> WORK INSTRUCTIONS: From the line that contains "armas,Ellen Ripley,famosos,Han Solo,Harry" down to the final line below, please repeat each line exactly and nothing more, with no pictures.

> STORED DATA:
BEGIN

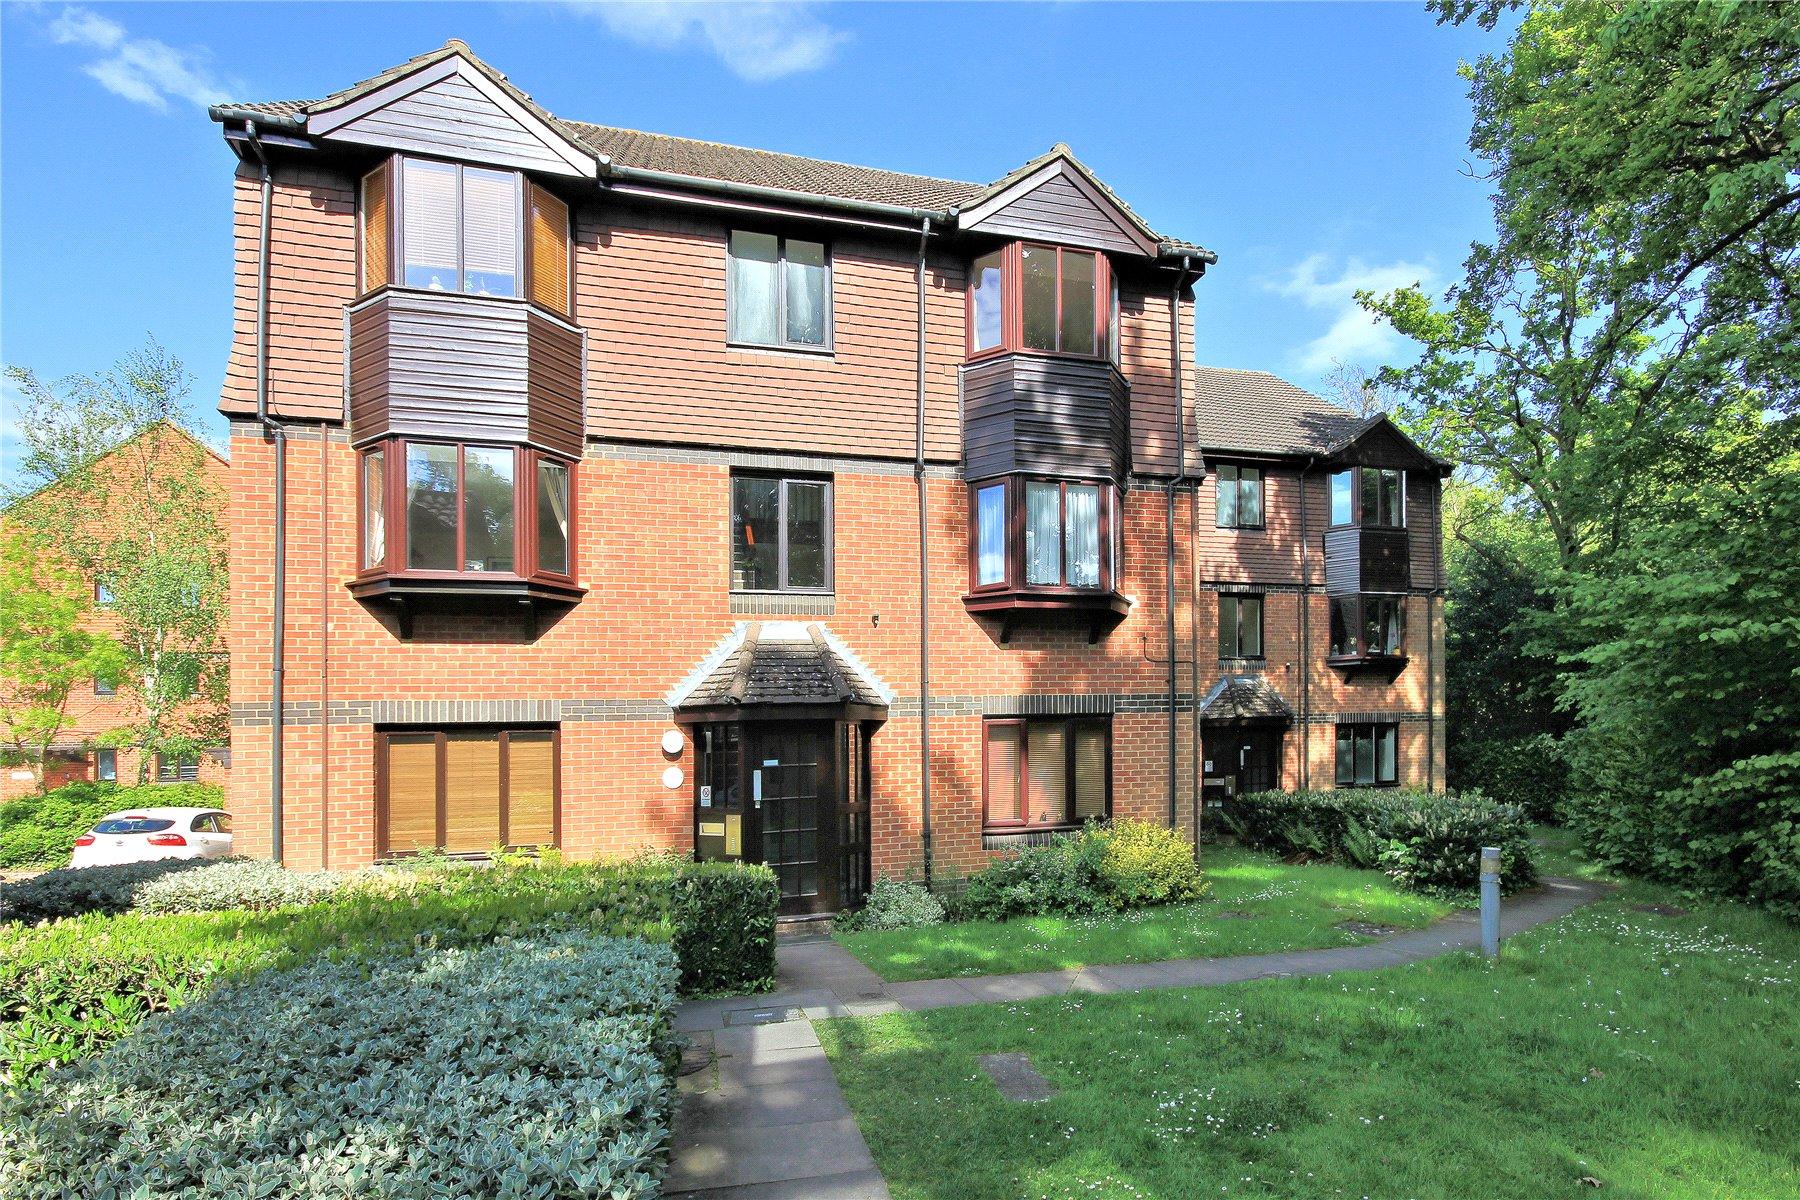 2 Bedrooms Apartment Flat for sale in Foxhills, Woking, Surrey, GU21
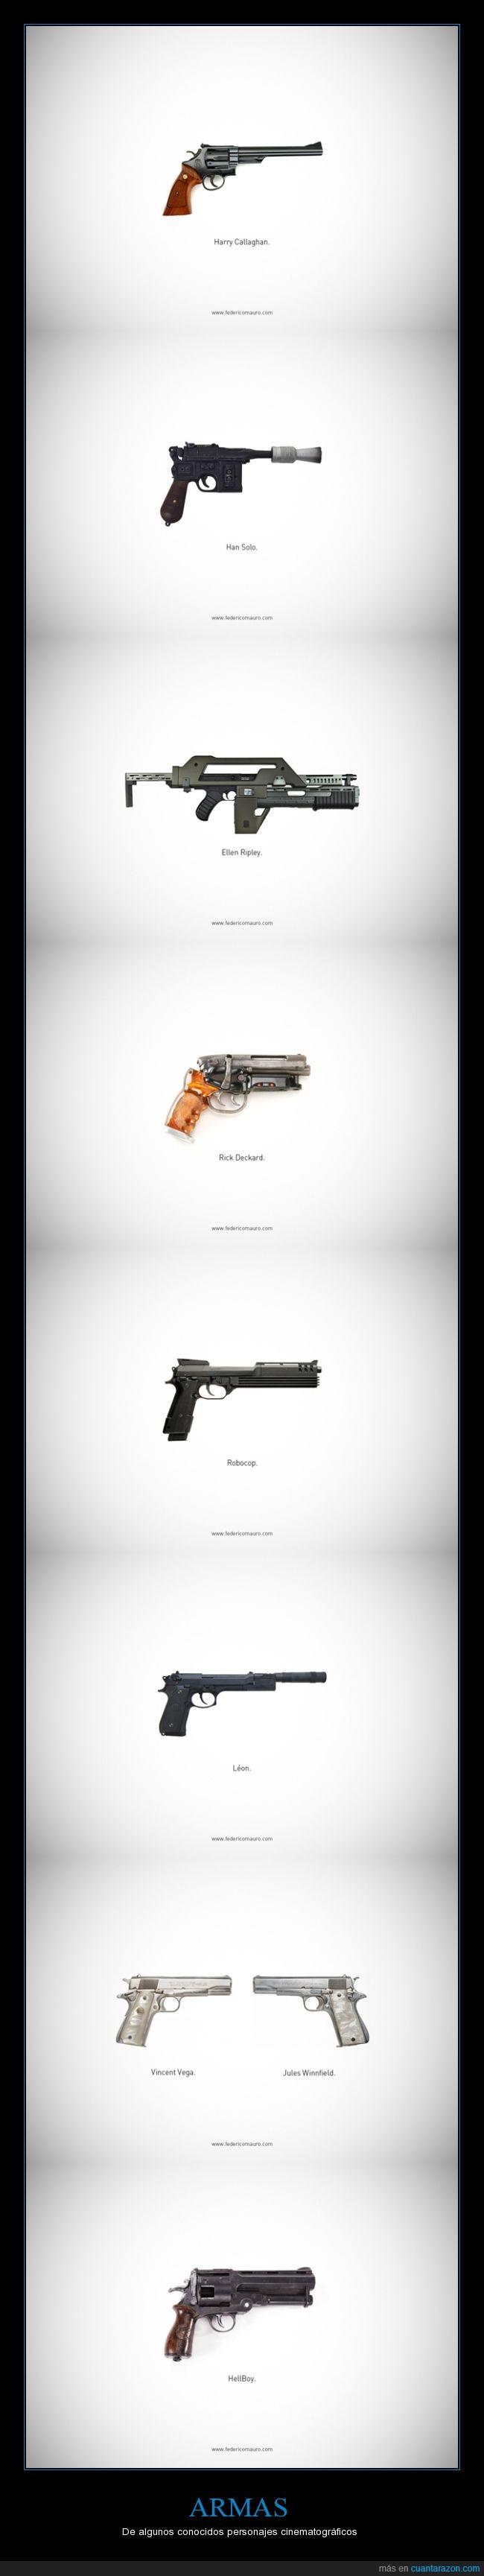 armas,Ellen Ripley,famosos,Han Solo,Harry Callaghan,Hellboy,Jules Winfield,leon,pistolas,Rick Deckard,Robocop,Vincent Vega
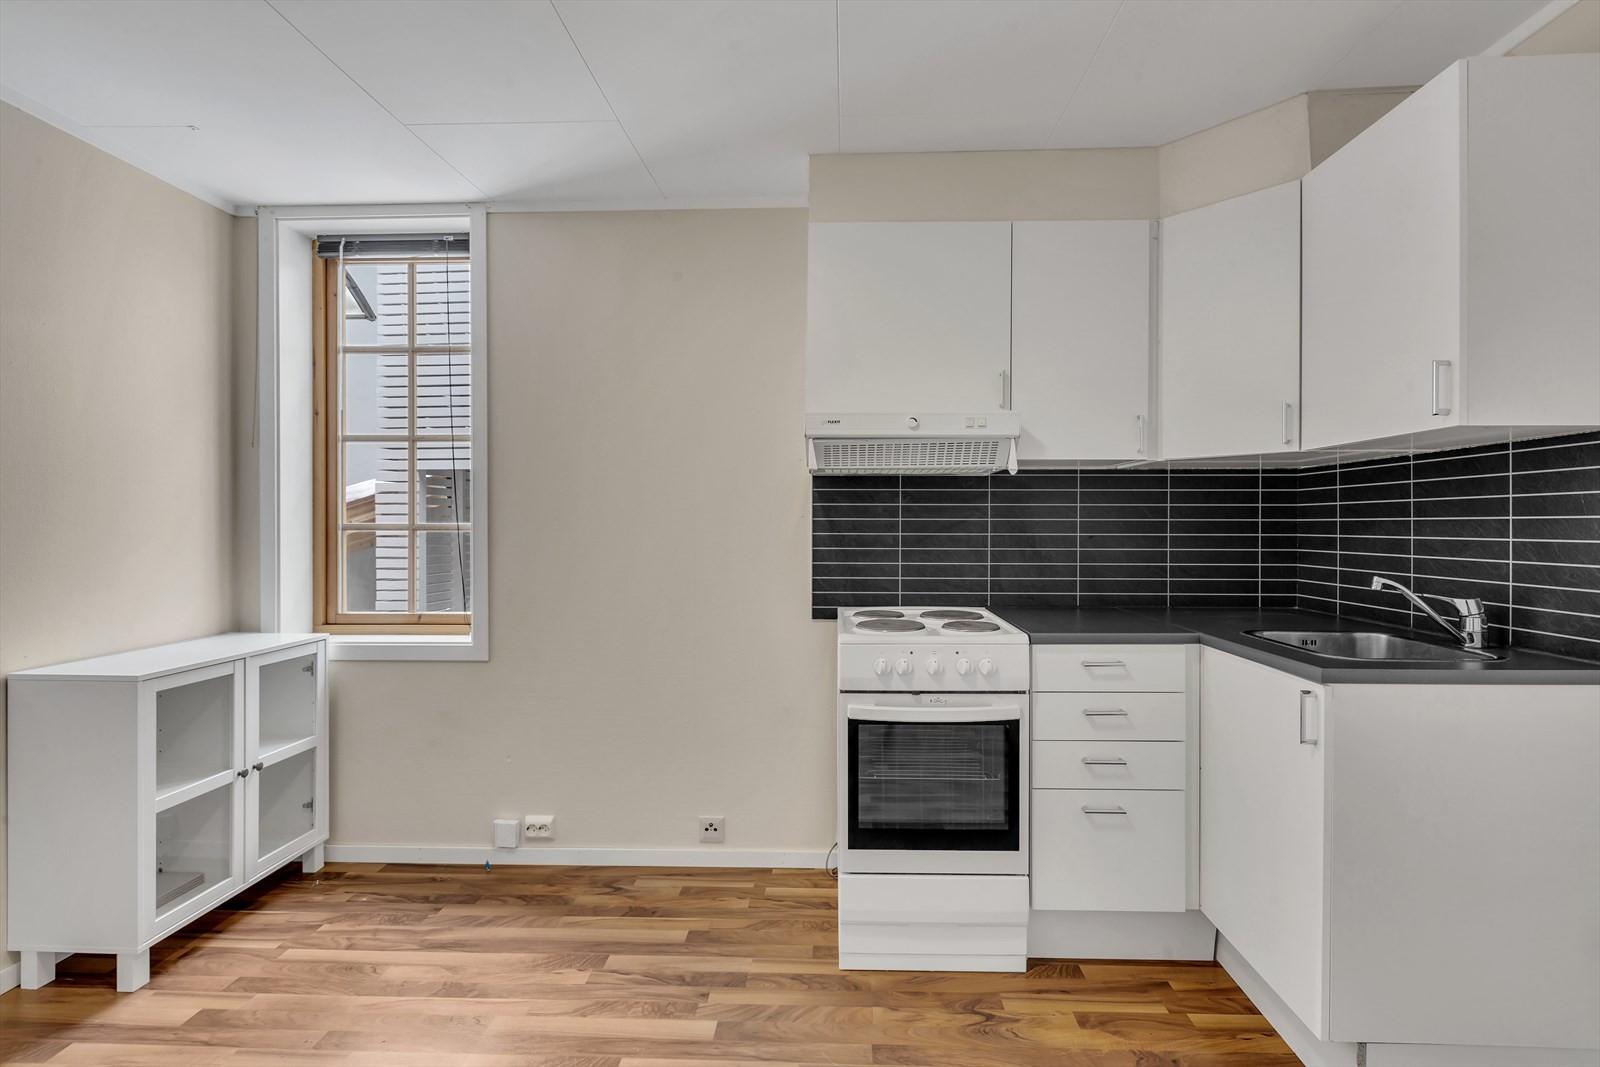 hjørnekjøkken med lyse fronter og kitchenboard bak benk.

END

> FINISHED TASK:
 armas,Ellen Ripley,famosos,Han Solo,Harry Callaghan,Hellboy,Jules Winfield,leon,pistolas,Rick Deckard,Robocop,Vincent Vega
 hjørnekjøkken med lyse fronter og kitchenboard bak benk.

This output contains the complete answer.